An example from aviation

On 31 January 2000, an Alaska Airlines MD80 departed Puerto Vallarta in Mexico for Seattle, Washington, with a scheduled stop in San Francisco. Sixteen minutes into the flight the autopilot tripped off, indicating a malfunction of the autopilot or flight control system. Investigators later concluded this was due to in-flight failure of the horizontal stabilizer jackscrew and Acme nut thread assembly.

The Captain was under pressure from the airline dispatcher to return the plane to the USA, so he continued, sometimes exerting as much as 150 pounds of force on the jackscrew assembly in order to maintain control of the aircraft. What the crew did not know was that when the MD 80 was designed, dissimilar metals were used in the construction of the jackscrew assembly. Because this assembly experienced heavy flight loads, the softer metal wore at a greater rate than the harder metal, and so the assembly became loose (Catalyst event).

Knowing that this could lead to catastrophic failures, the manufacturer had conducted extensive tests and issued specific procedures for inspection and lubrication of the jackscrew assembly. Other airlines, having complied with the manufacturer’s approved procedures, never experienced such failures. However, because this process was difficult and time-consuming, the airline had received permission from the principal operations inspector, assigned by the Federal Aviation Authority (FAA) to that airline, to inspect at intervals of 2300 hours, instead of the 700 hours recommended by the manufacturer. When the airplane was inspected by maintenance a few days earlier, it was found to be ‘outside of tolerances’, but was overridden by a line supervisor, and the aircraft was placed back into service (System faults).

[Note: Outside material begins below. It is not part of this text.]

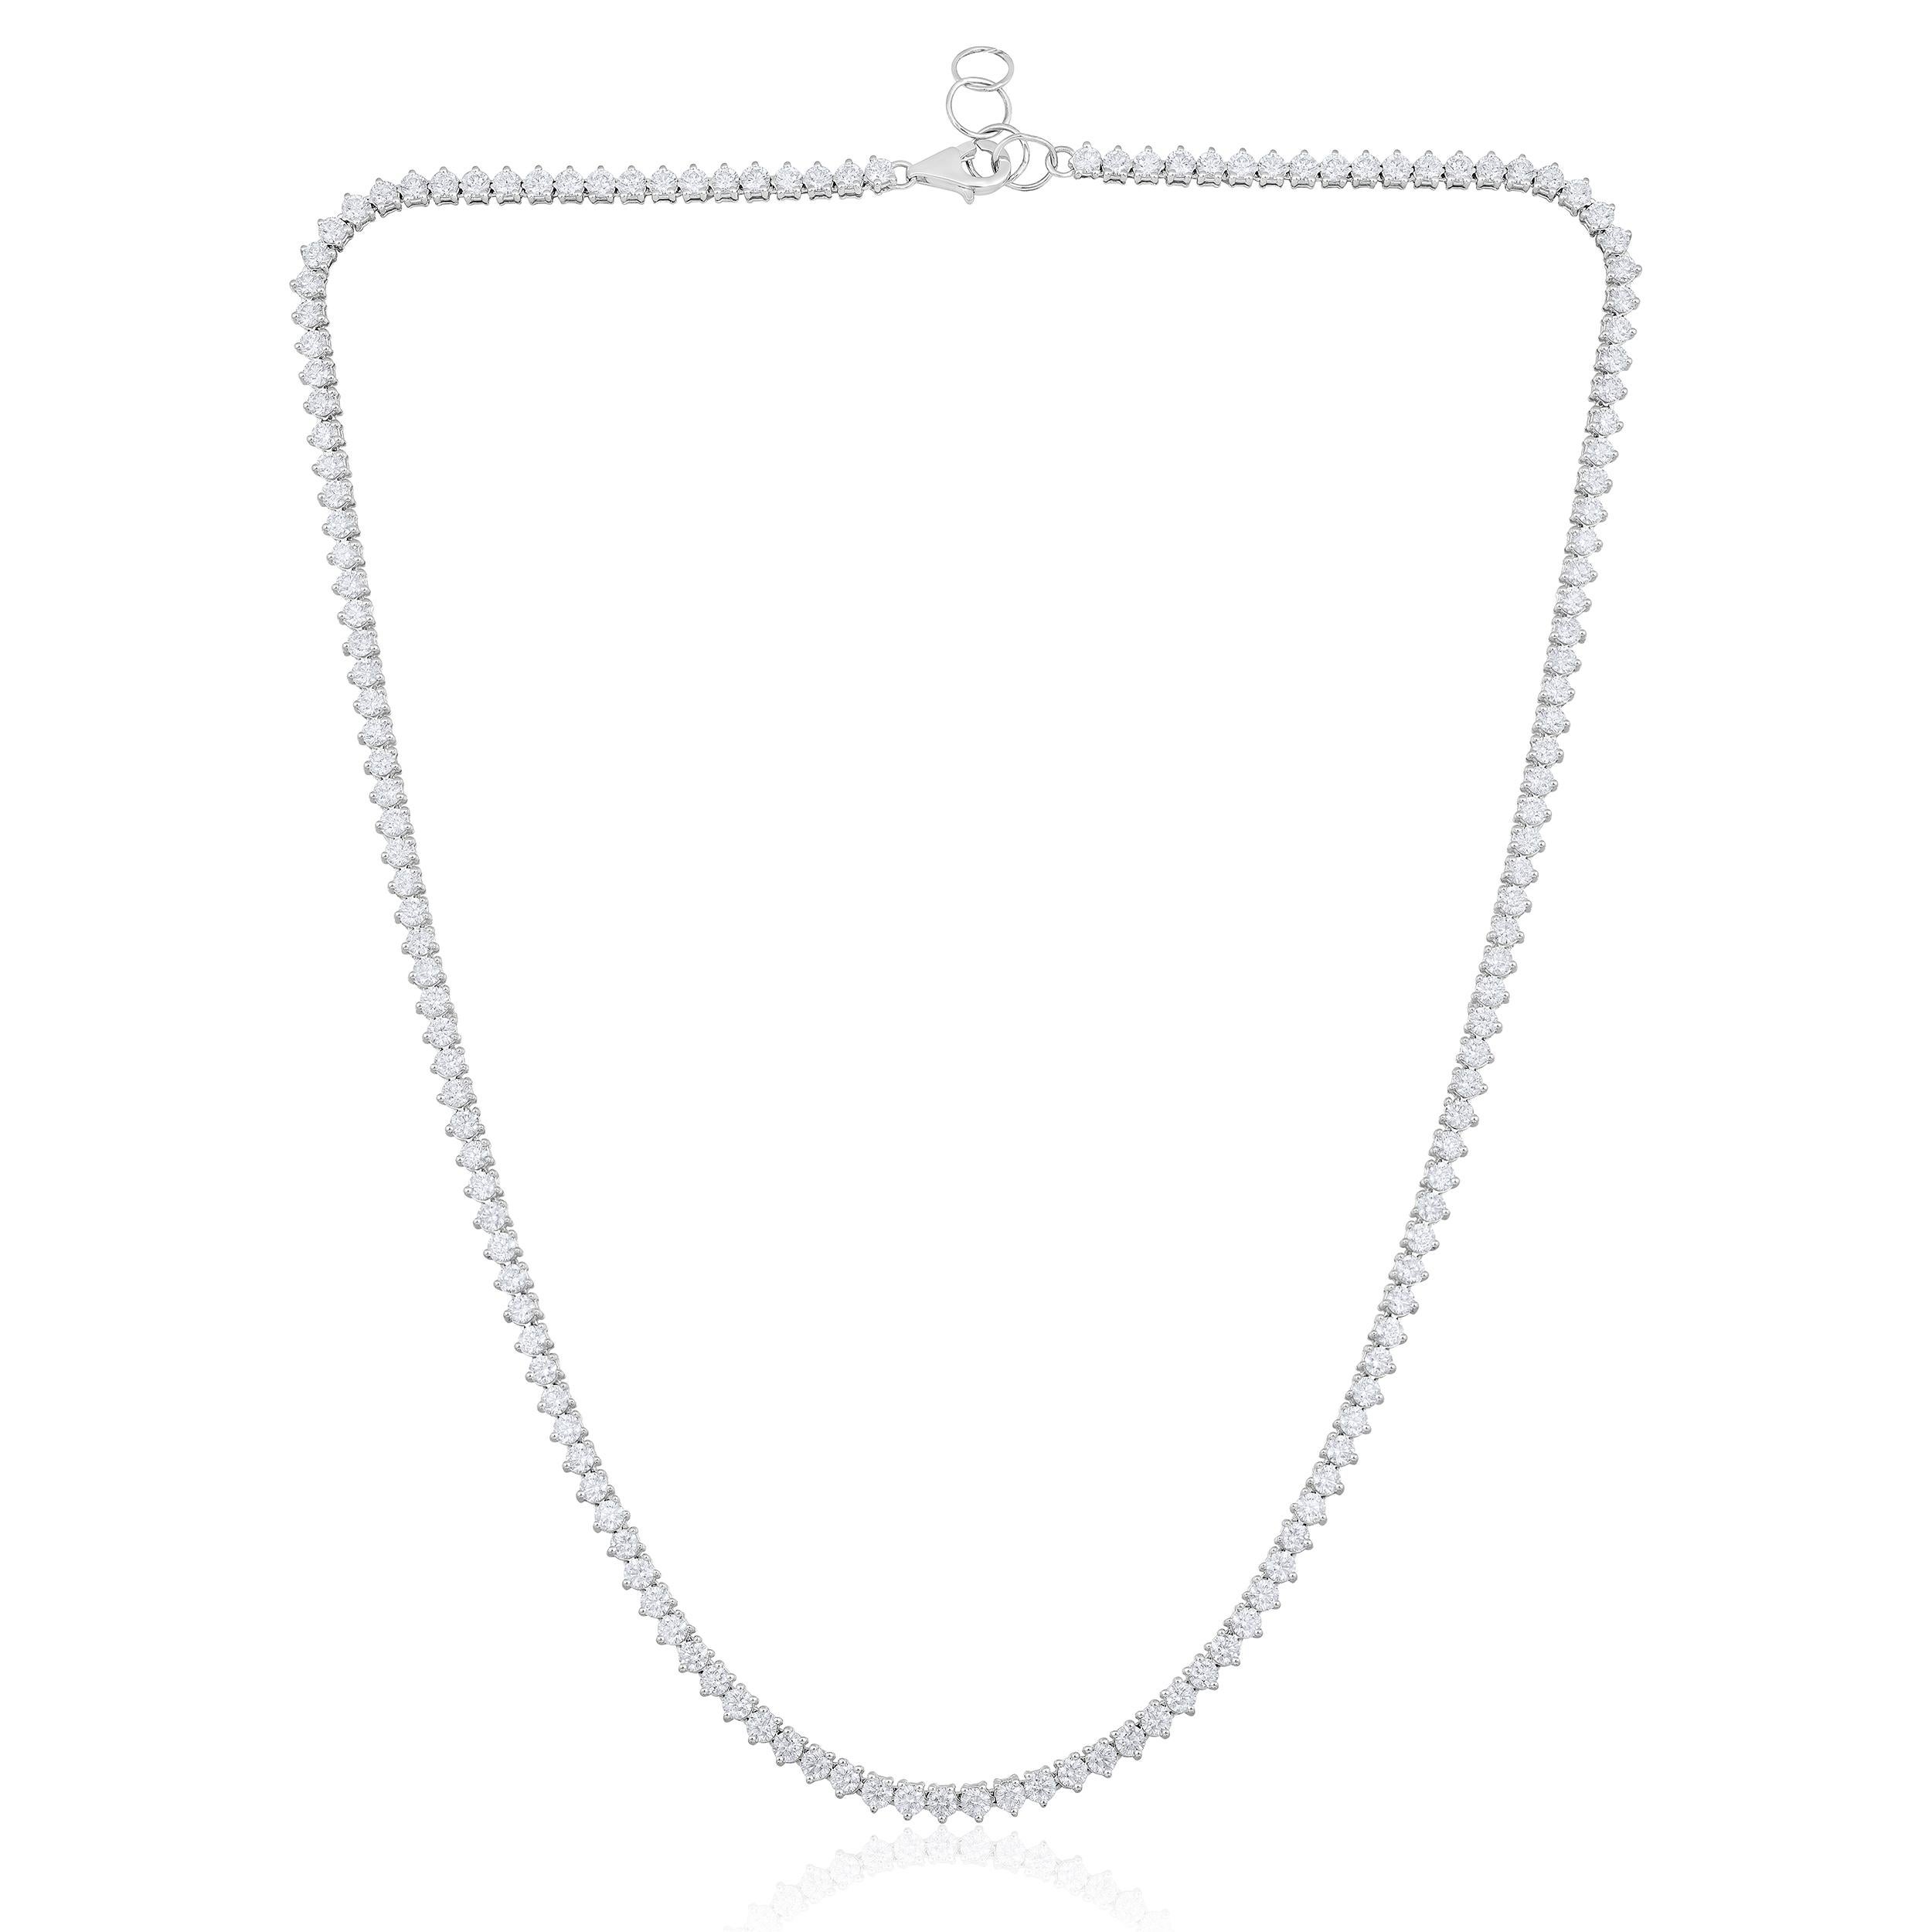 Crafted in 14.17 grams of 14K White Gold, the necklace contains 150 stones of Round Diamonds with a total of 8.35 carat in G-H color and VS-SI carat. The necklace length is 18 inches.

CONTEMPORARY AND TIMELESS ESSENCE: Crafted in 14-karat/18-karat

Within sight of the airport, and after recovering from a dive, the crew discussed the difficulties with maintenance. Unaware of the gravity of the situation, and ignoring the advice of the first officer who was urging him to land immediately, the captain elected to do ‘a little troubleshooting’ (Loss of situational awareness and human error). Two hours and 42 min into the flight, they lost total control of the aircraft, flying it upside down for 70 s before finally plunging into the Pacific Ocean off the coast of California.